:: Task goal ::
Starting with the line that holds "Copa Del Rey", repeat each line through the last one below, exactly. Pictures stay out.

:: Data shown ::
BEGIN

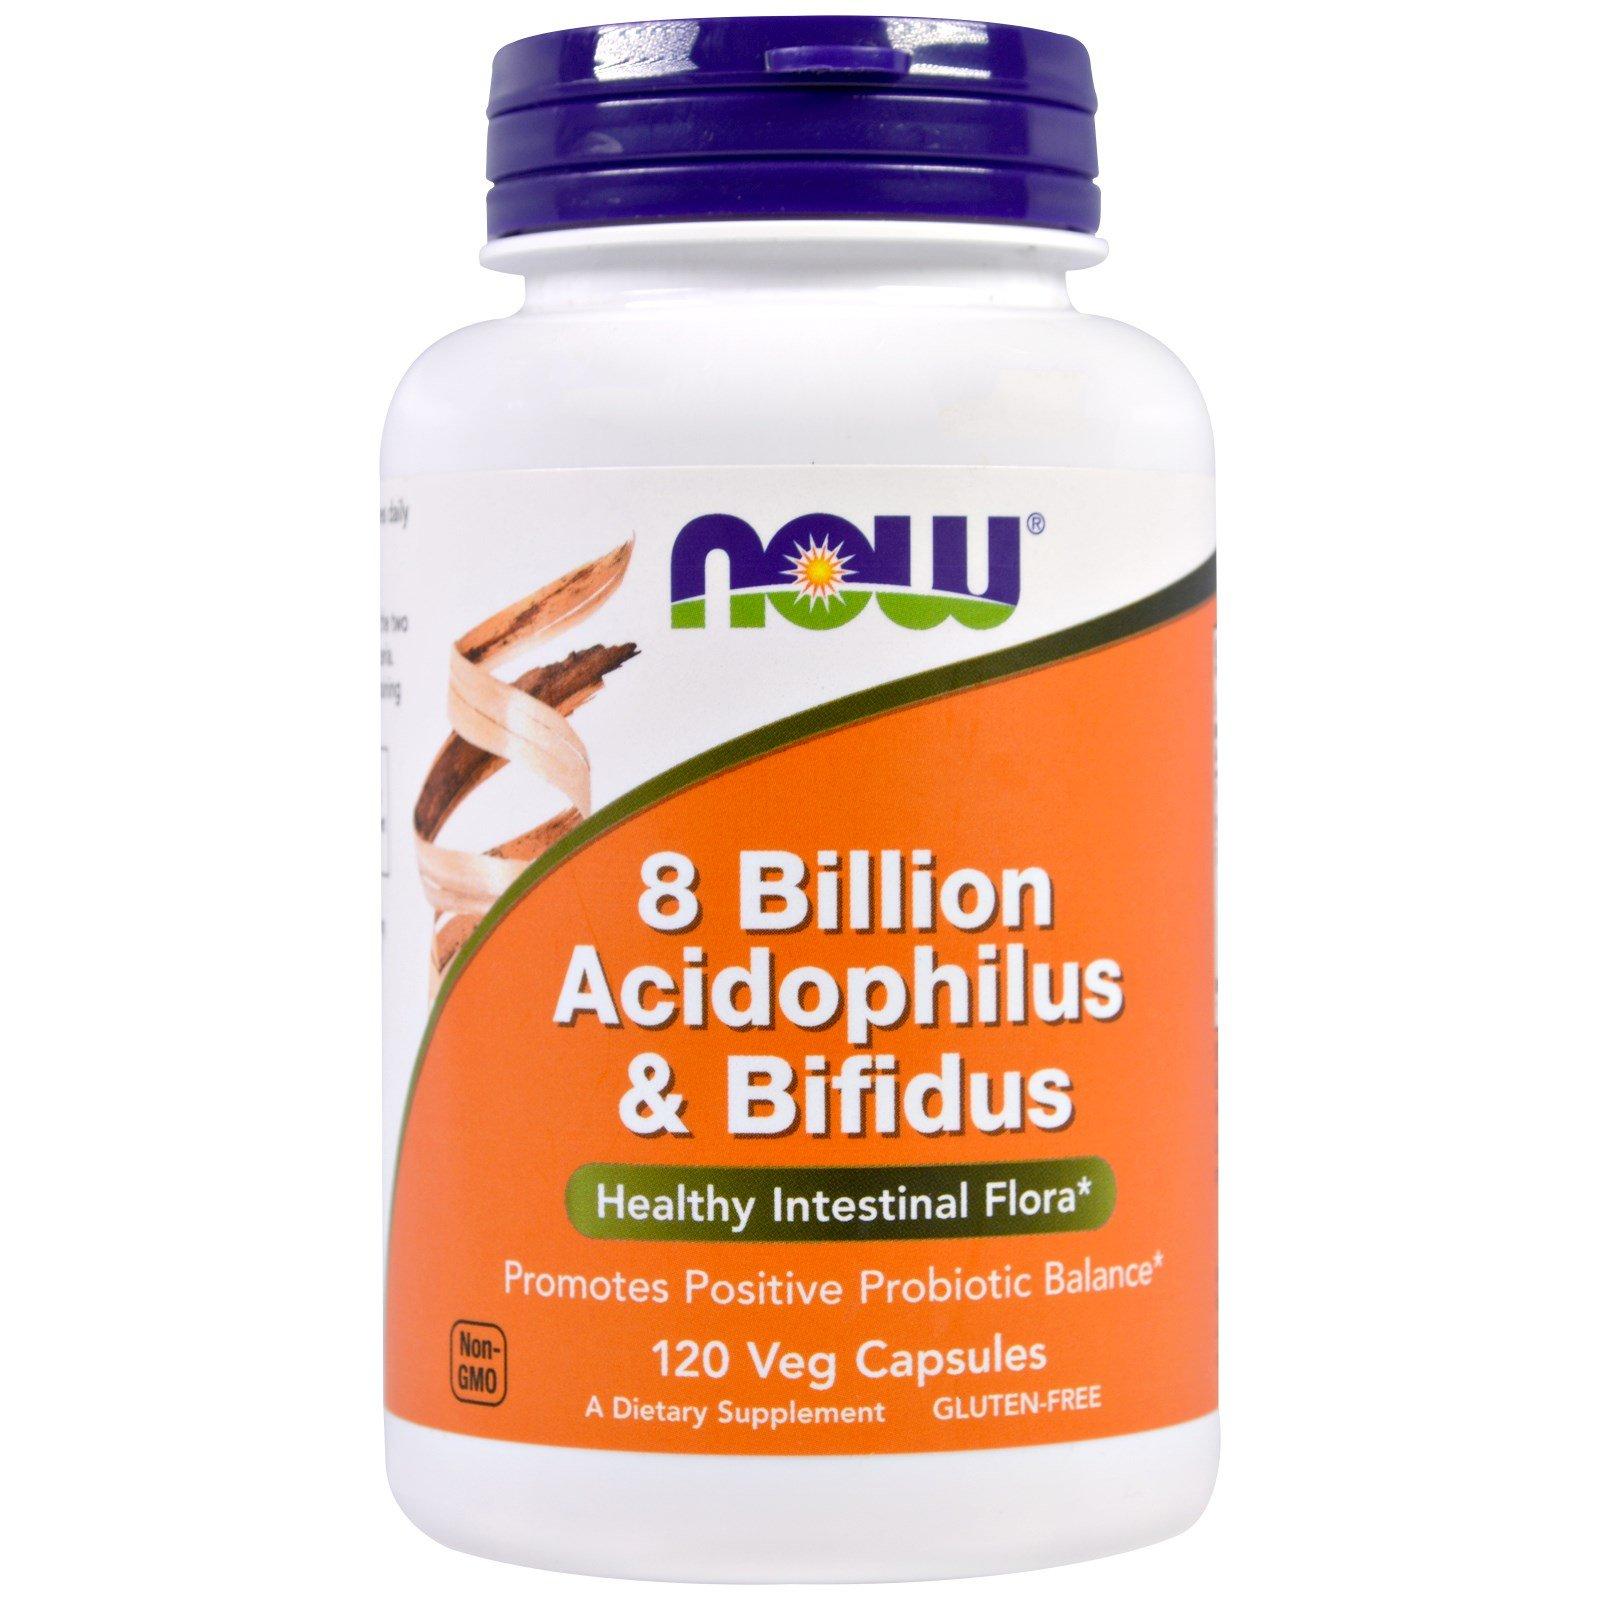 NOW Foods Acidophilus/bifidus 8 Billion, 120 Capsules (Pack of 3 (120 vcaps ea))
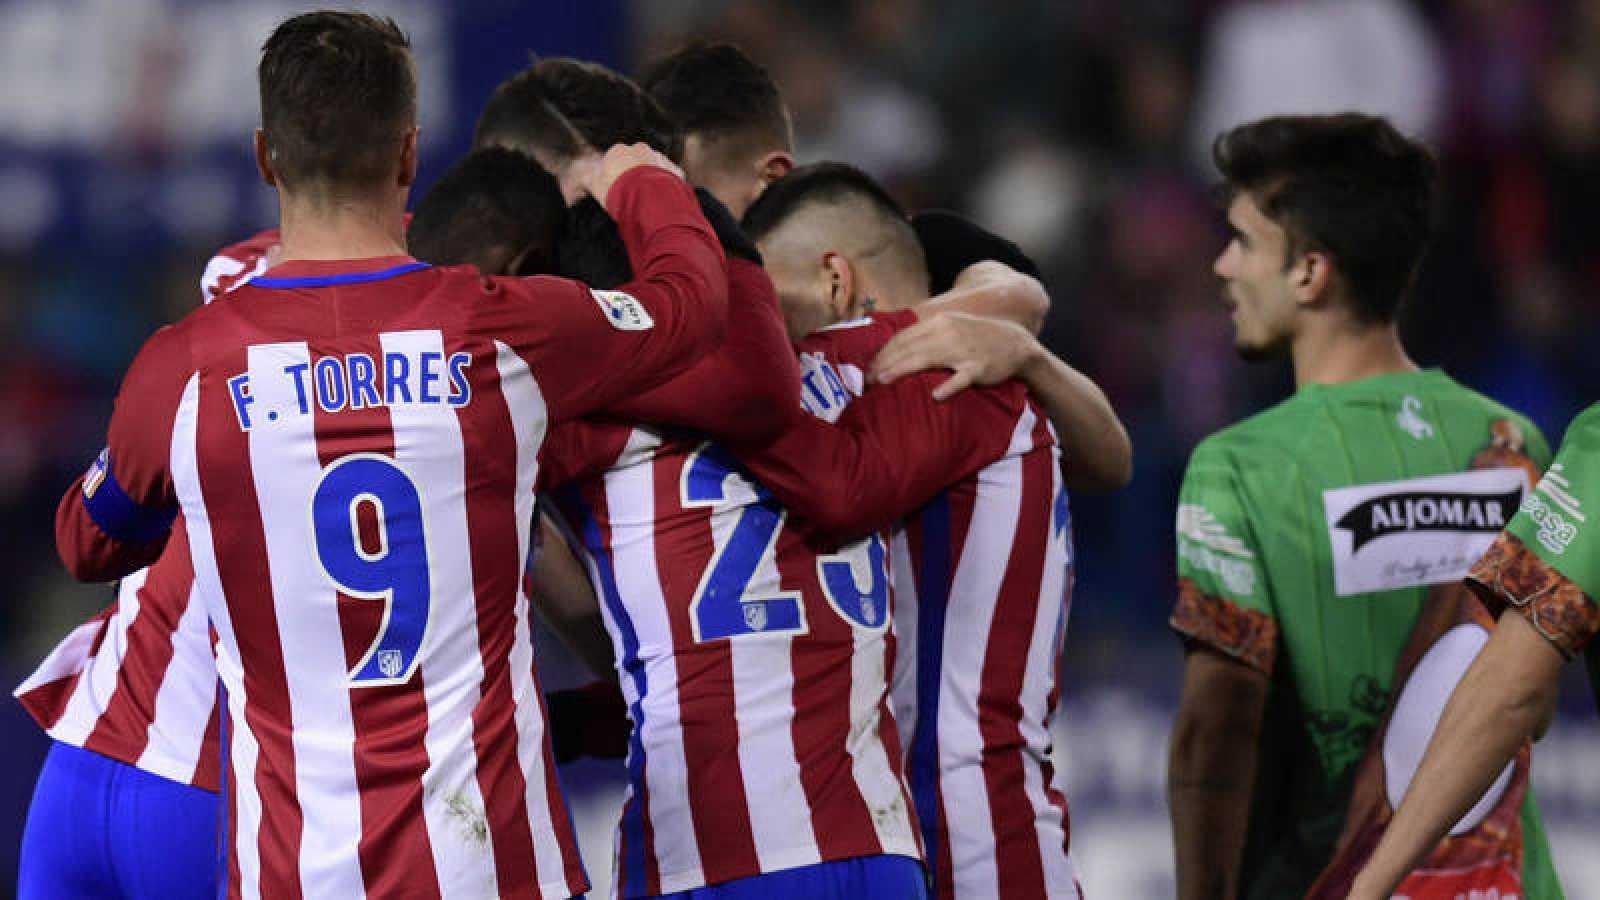 Copa Del Rey Atlético De Madrid 4 1 Guijuelo El Atlético Pasa El Trámite En Medio Partido Rtve Es
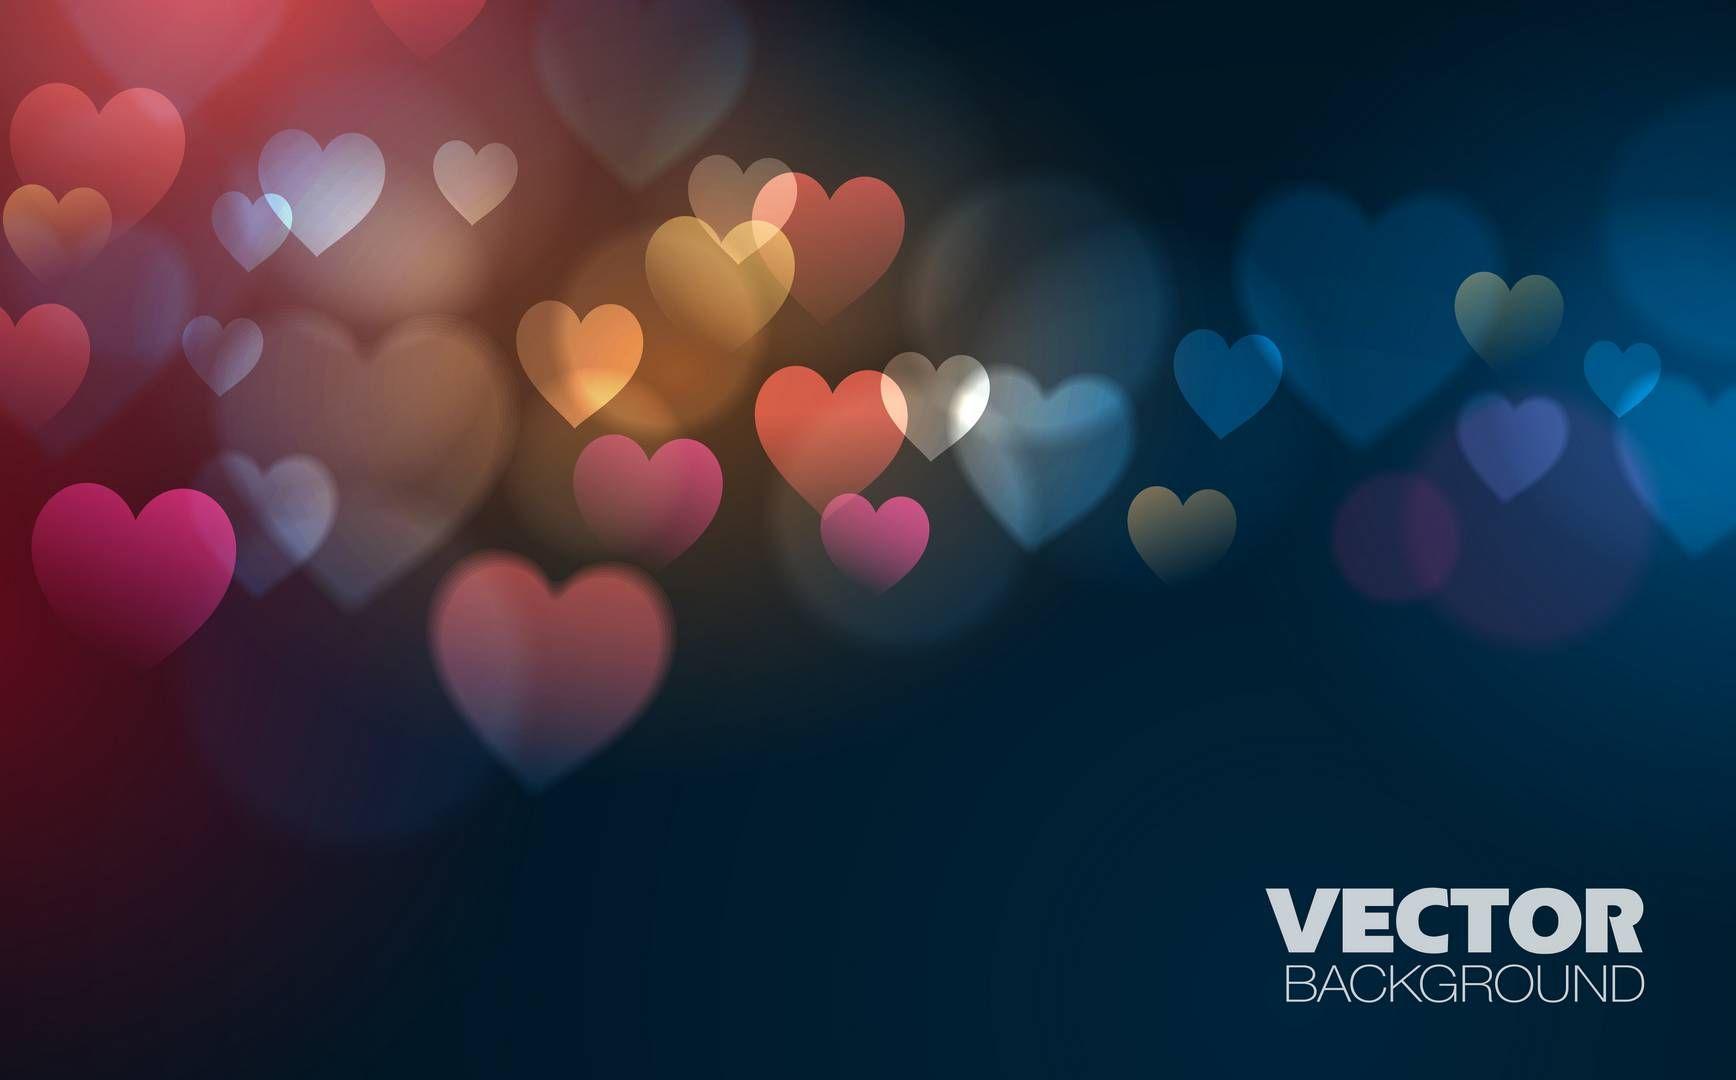 Valentine-day-wallpaper | Valentines Day | Pinterest | Wallpaper ...

END

:: Output for this exercise ::
 Copa Del Rey Atlético De Madrid 4 1 Guijuelo El Atlético Pasa El Trámite En Medio Partido Rtve Es
 Valentine-day-wallpaper | Valentines Day | Pinterest | Wallpaper ...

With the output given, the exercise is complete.